___ Stored data
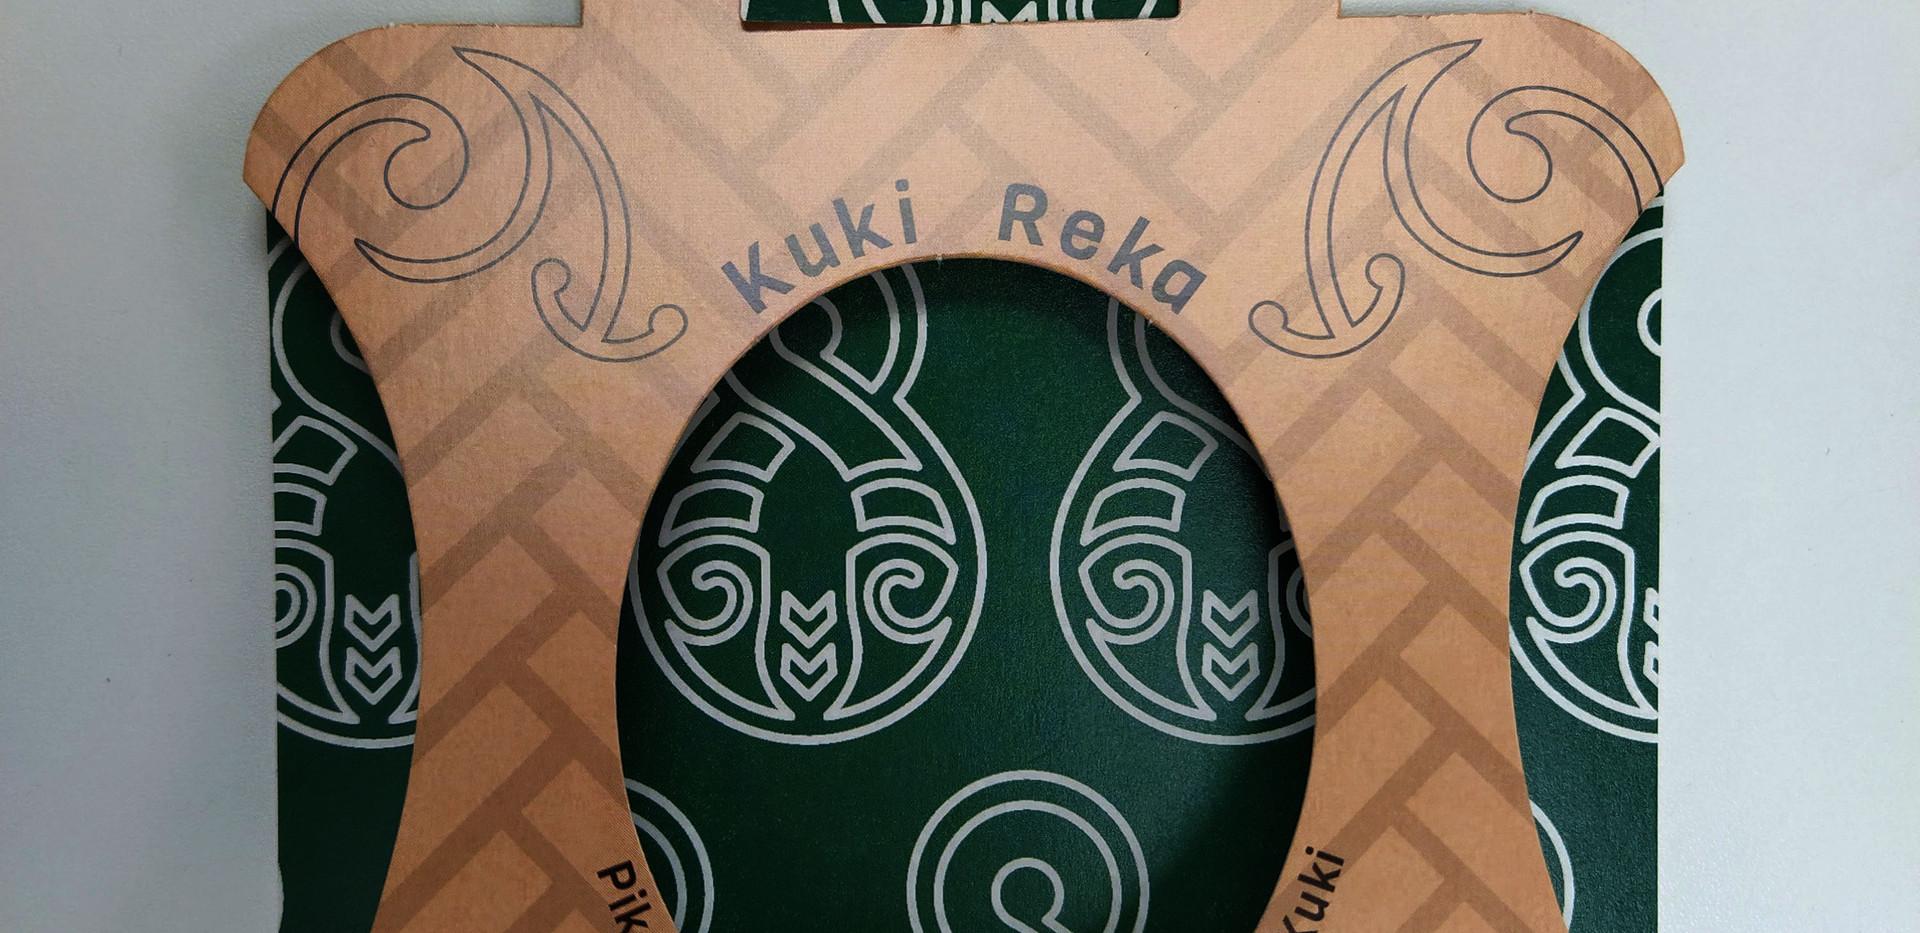 Pikorua Cookie Packaging
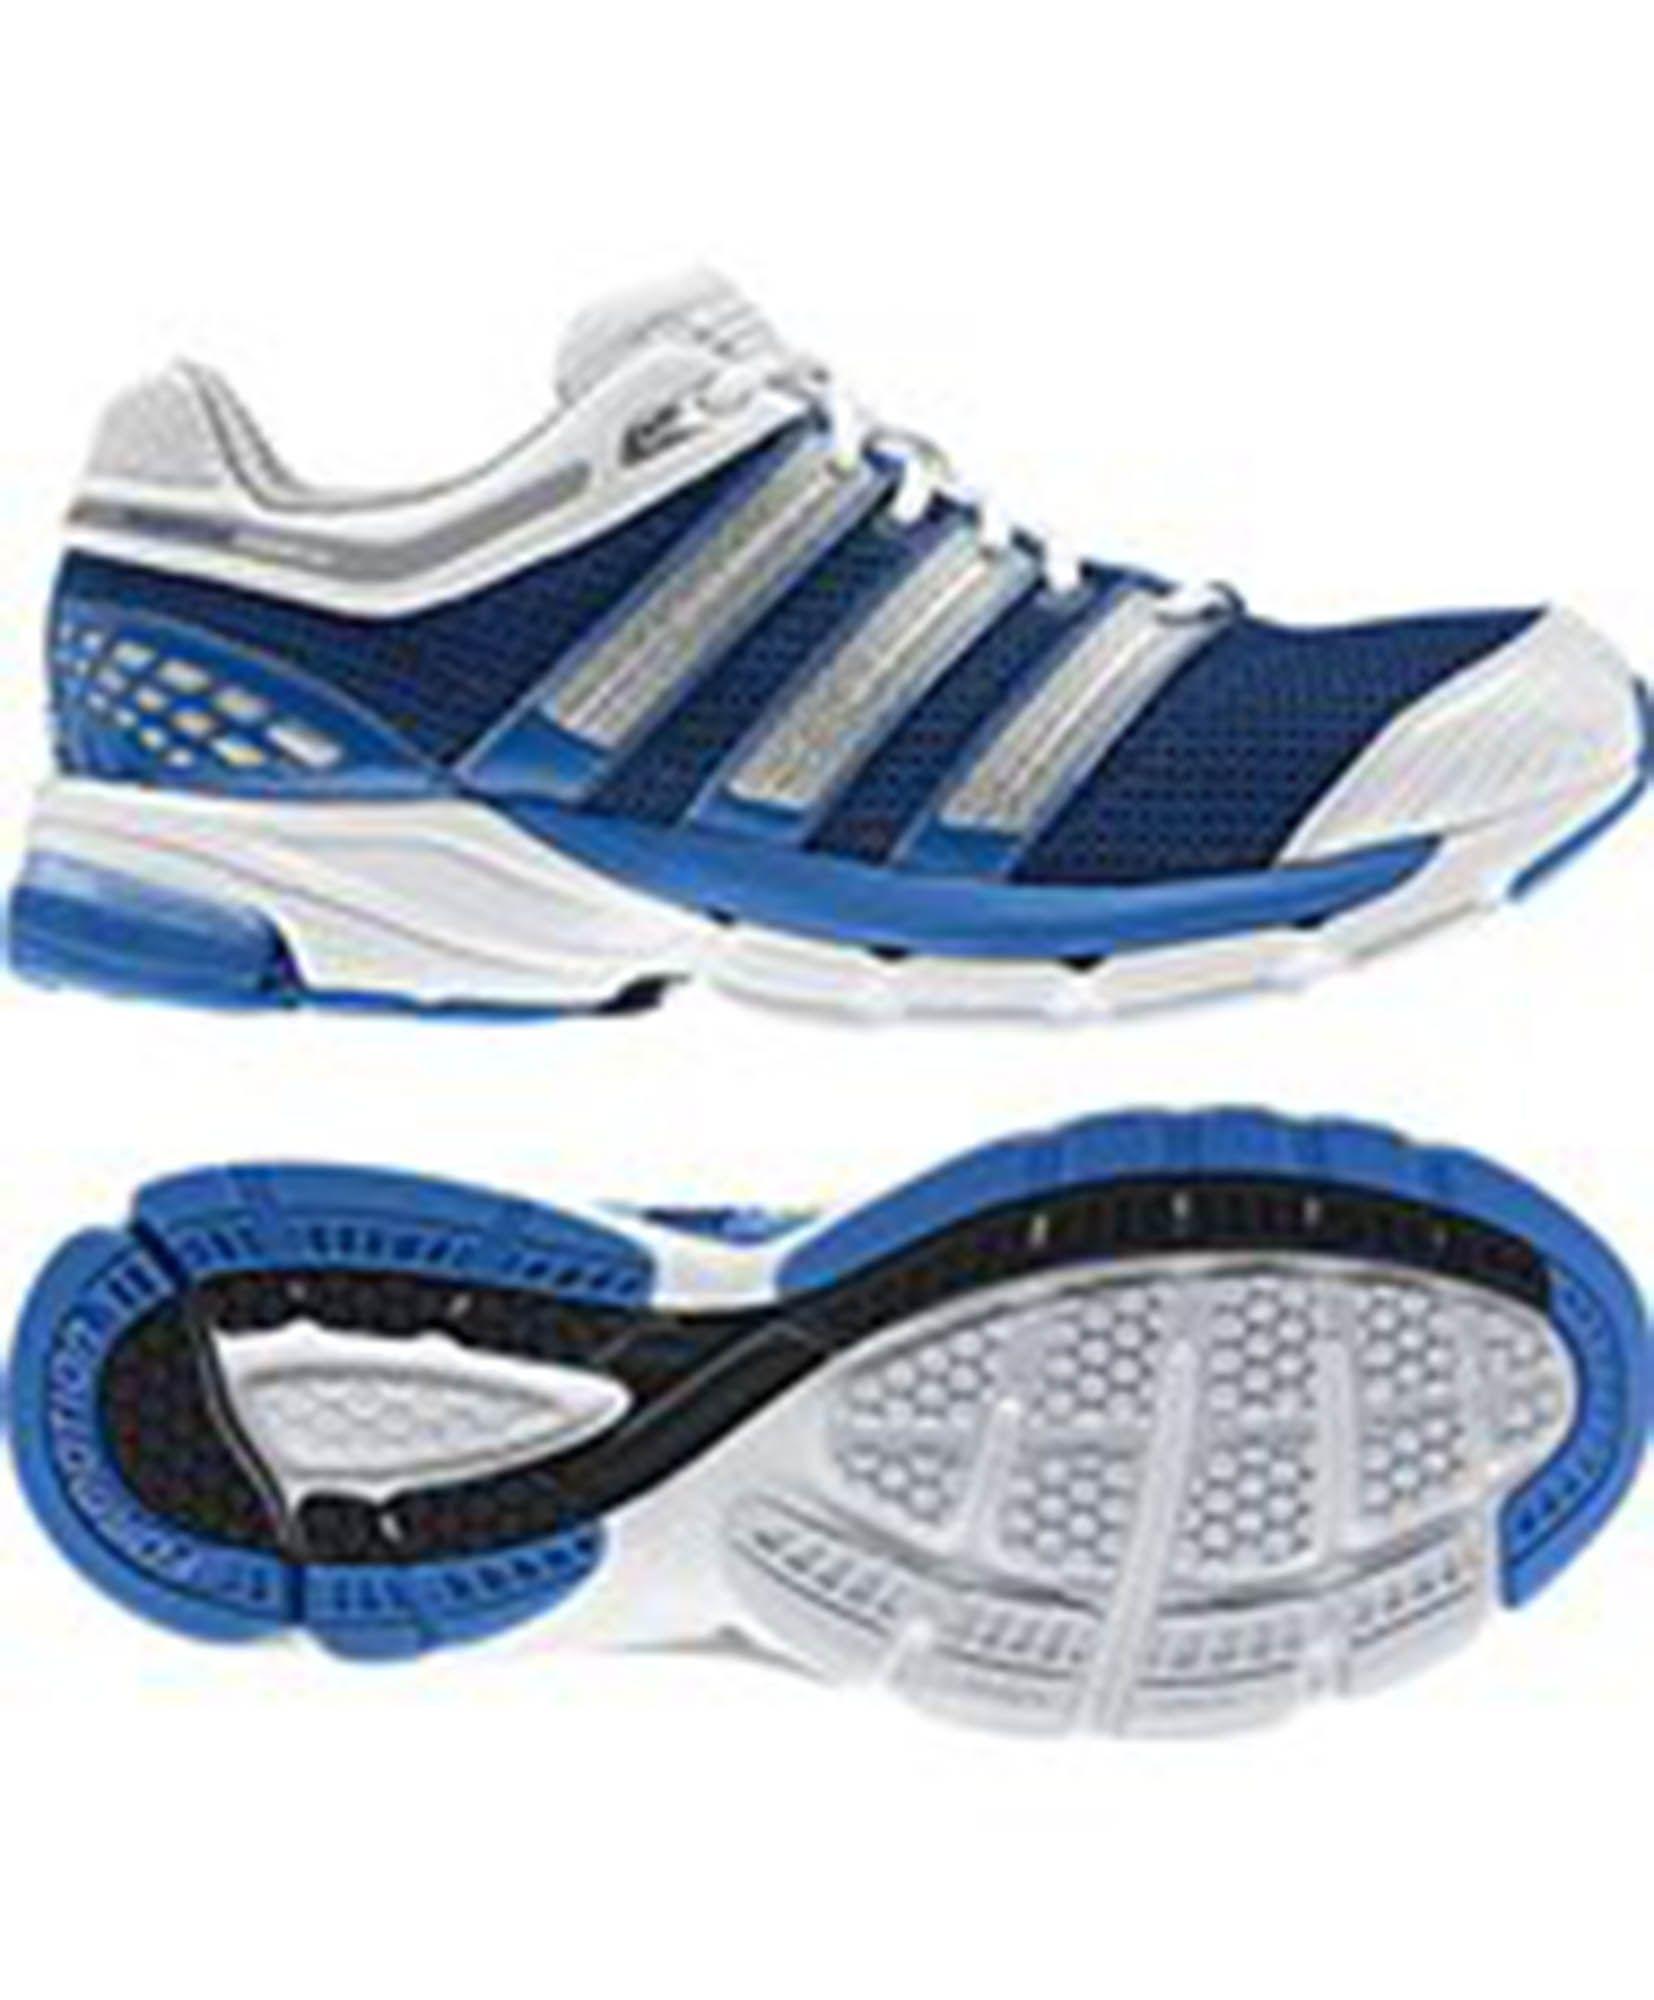 c5f0639b92cb6 Pistas De Atletismo ·  Zapatillas  adidas Resp Cushion 20M perfectas para   trail  running Calzado Deportivo
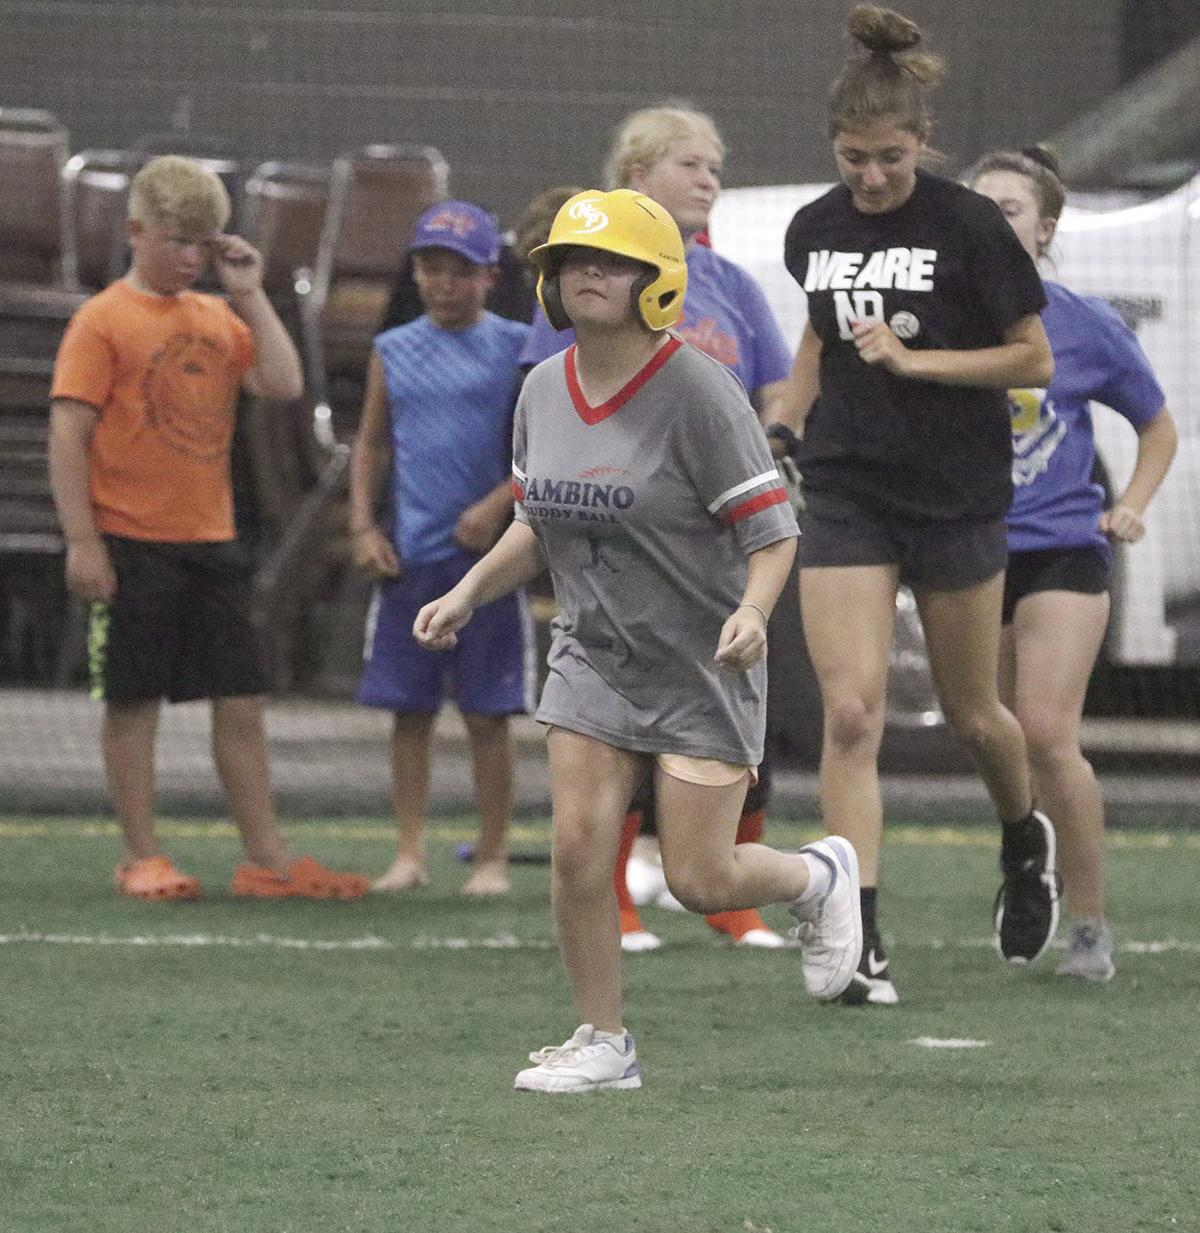 North Platte Bambino Buddy Ball team celebrates 11th season
______
Task to complete: The required output is every line from the one containing "c5f0639b92cb6 Pistas De" through the last line of the data above, restated exactly and without pictures.

Solution to this task:
 c5f0639b92cb6 Pistas De Atletismo ·  Zapatillas  adidas Resp Cushion 20M perfectas para   trail  running Calzado Deportivo
 North Platte Bambino Buddy Ball team celebrates 11th season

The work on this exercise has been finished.